Thanks everyone!! I ve been super busy so I am going to answer in pieces.
I actually started all this last Sept at 265 my advisor had me eating 300 grams of carbs a day plus a pretty clean diet. I know myself pretty well and figured the carbs would be an issue do to the fact that I am super sensitive to them. Anyway as I figured they put allot of additional fat on me.

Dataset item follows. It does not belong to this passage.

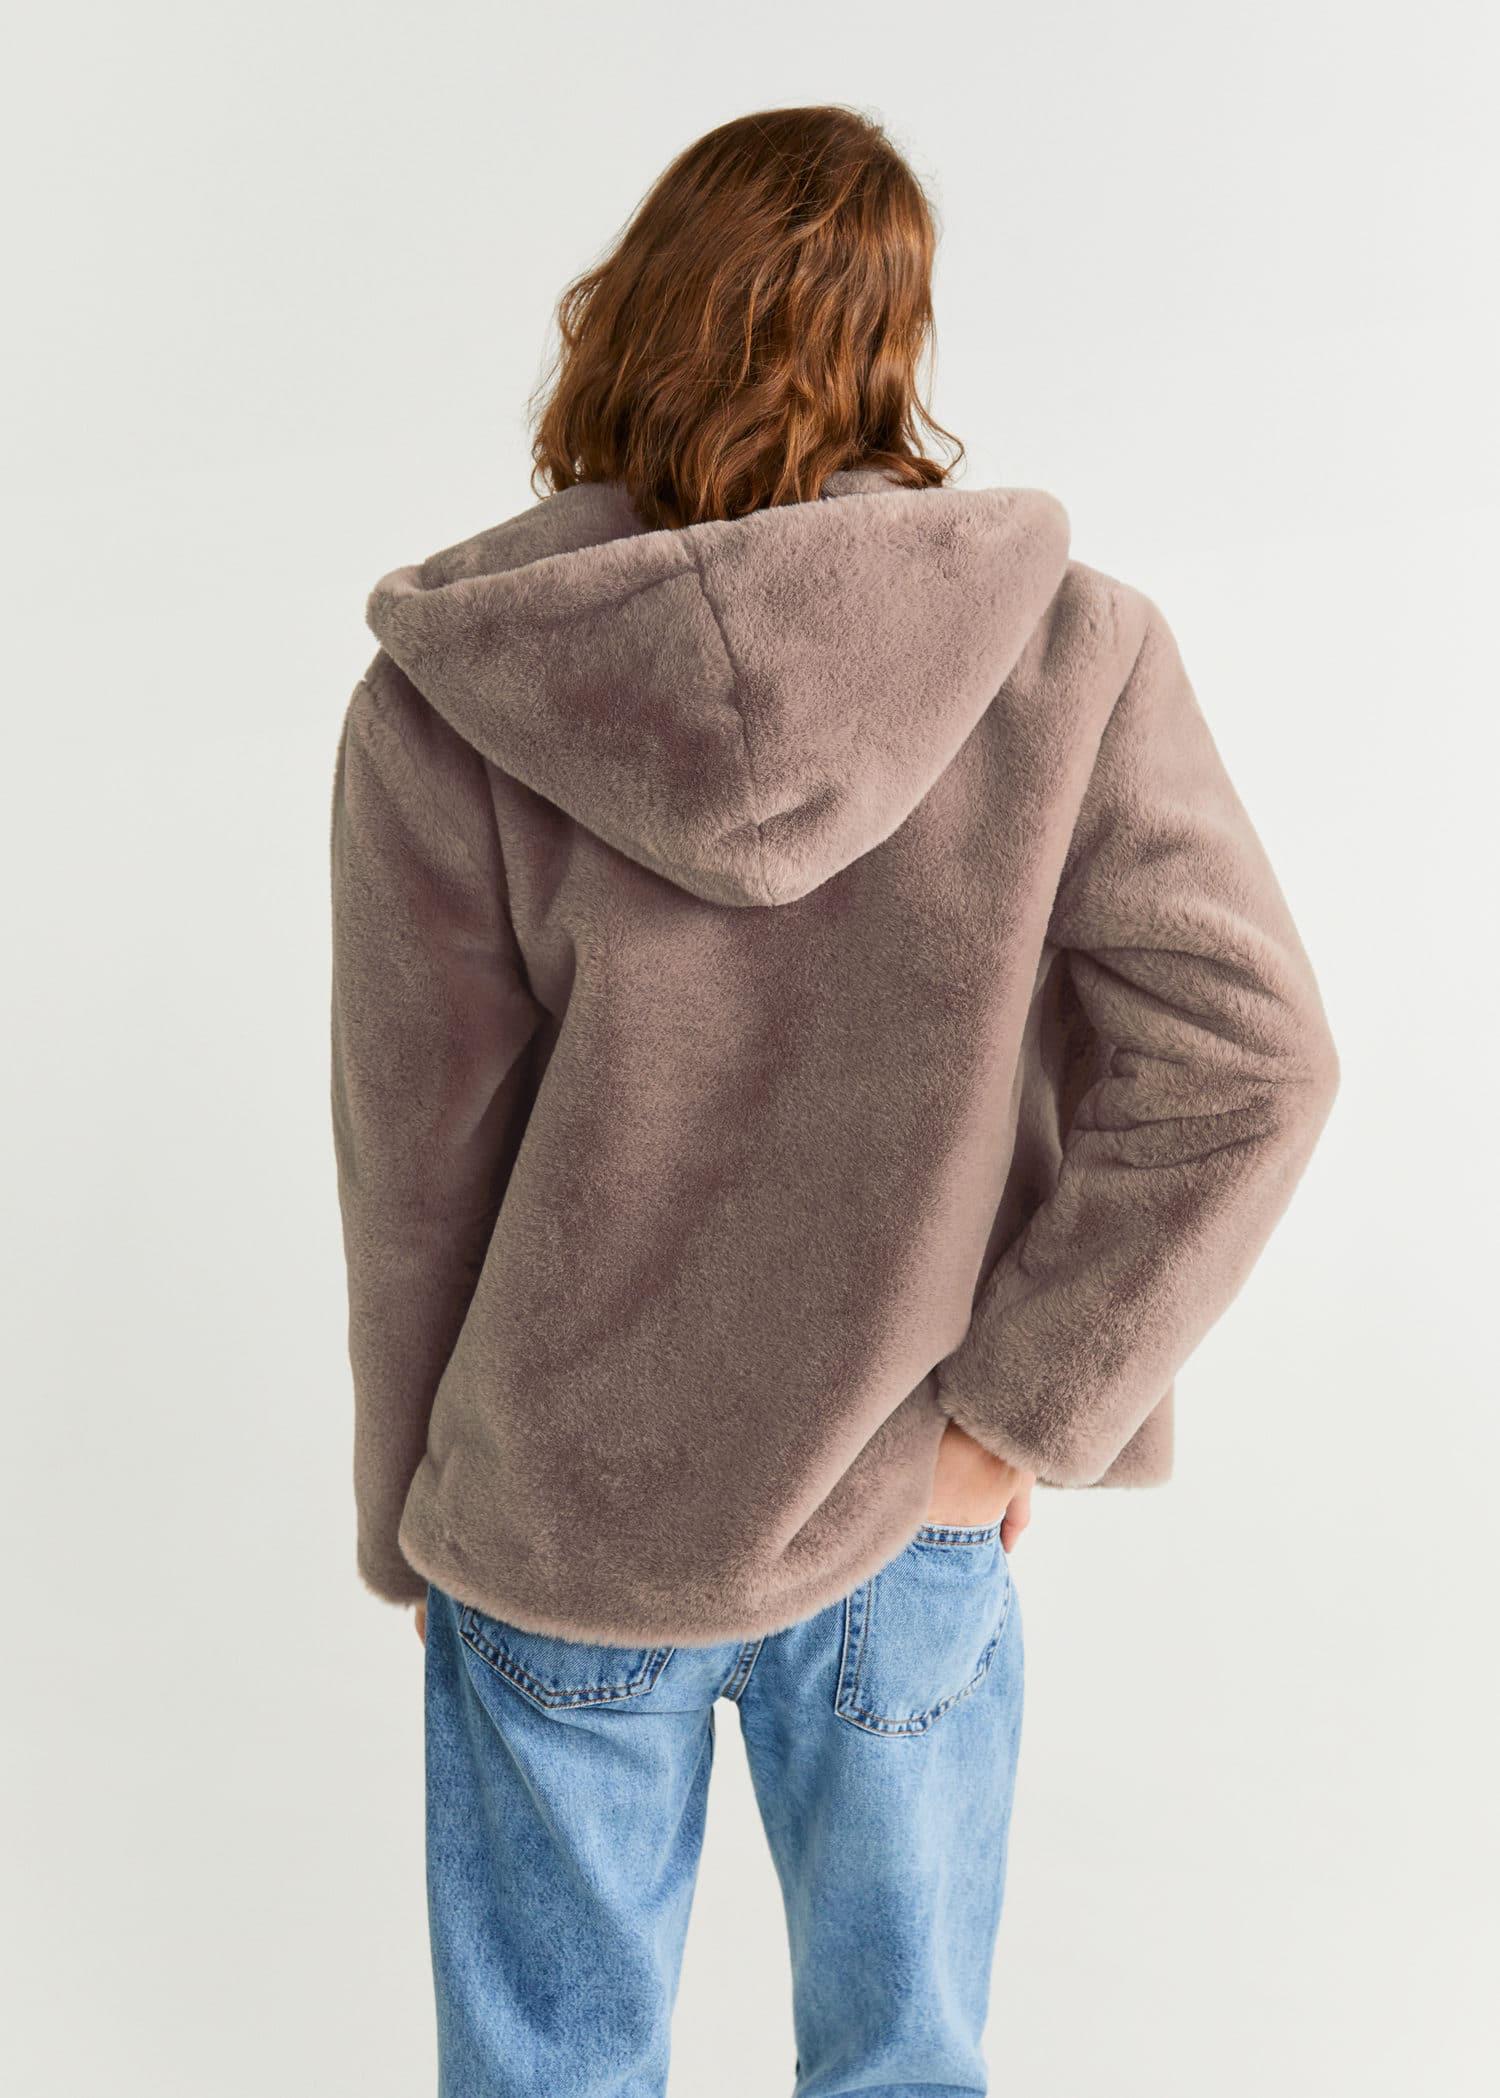 Jacken für Damen 2019 | Mango Deutschland

In December I requested that we go paleo and he agreed. I pretty much ate the same foods day in and day out taking a cheat day on Sundays. As time went on my cheat days became meals the meals went from weekly to bi weekly till as long as I could hold out. The last time I cheated was Father's Day and have been strict since. This is my preferred method of eating although in the past I feared such high fats. He has since helped me over come that issue with these results.
7 am Breakfast
eggland's best eggs 6 whole eggs & eggland's best eggs 6 whites only (12) cooked in 1 tablespoon macadamia nut oil
10 am
Protein shake with 1.5 tablespoon natural PB as time went on I reduced to 1 tablespoon then switched to PB2 (PB powder) Ive now since eliminated any time of PB completely and use straight
Divine Nutrition Natural Isolate Protein
1 pm
8-10 oz Lean Beef (top round or filet mignon) green veggies or salad with olive oil and vinegar
Pre workout shake (same as above)
Post workout shake (same as above)
Between 430-5 pm
8-10 oz of Chicken or Fish cooked in 1 tablespoon macadamia nut oil , green veggies, ? cup raw nuts, over time I reduced to 1/3 of a cup of nuts to now where Ive completed eliminated nuts.
730pm
8-10 oz of Chicken or Fish cooked in 1 tablespoon macadamia nut oil , green veggies, ? cup raw nuts, over time I reduced to 1/3 of a cup up to now where Ive completed eliminated nuts and
The reductions took place at the same time with the shakes as well as the meals.
What was your cardio like?
It started at 20 min a day, then to 30 a day, thento 40 a day, then to 60 a day, then to 75 a day, the to 90 a day by the time I got close to show time I was at 2 hours a day. When I get back from this little break I plan on doing 40 minutes a day. I cant give you the exact time frames but cardio was increased and fats (calories) were lowered
I would assume this was broken up into two sessions? Did you just use the eliptical or the treadmill?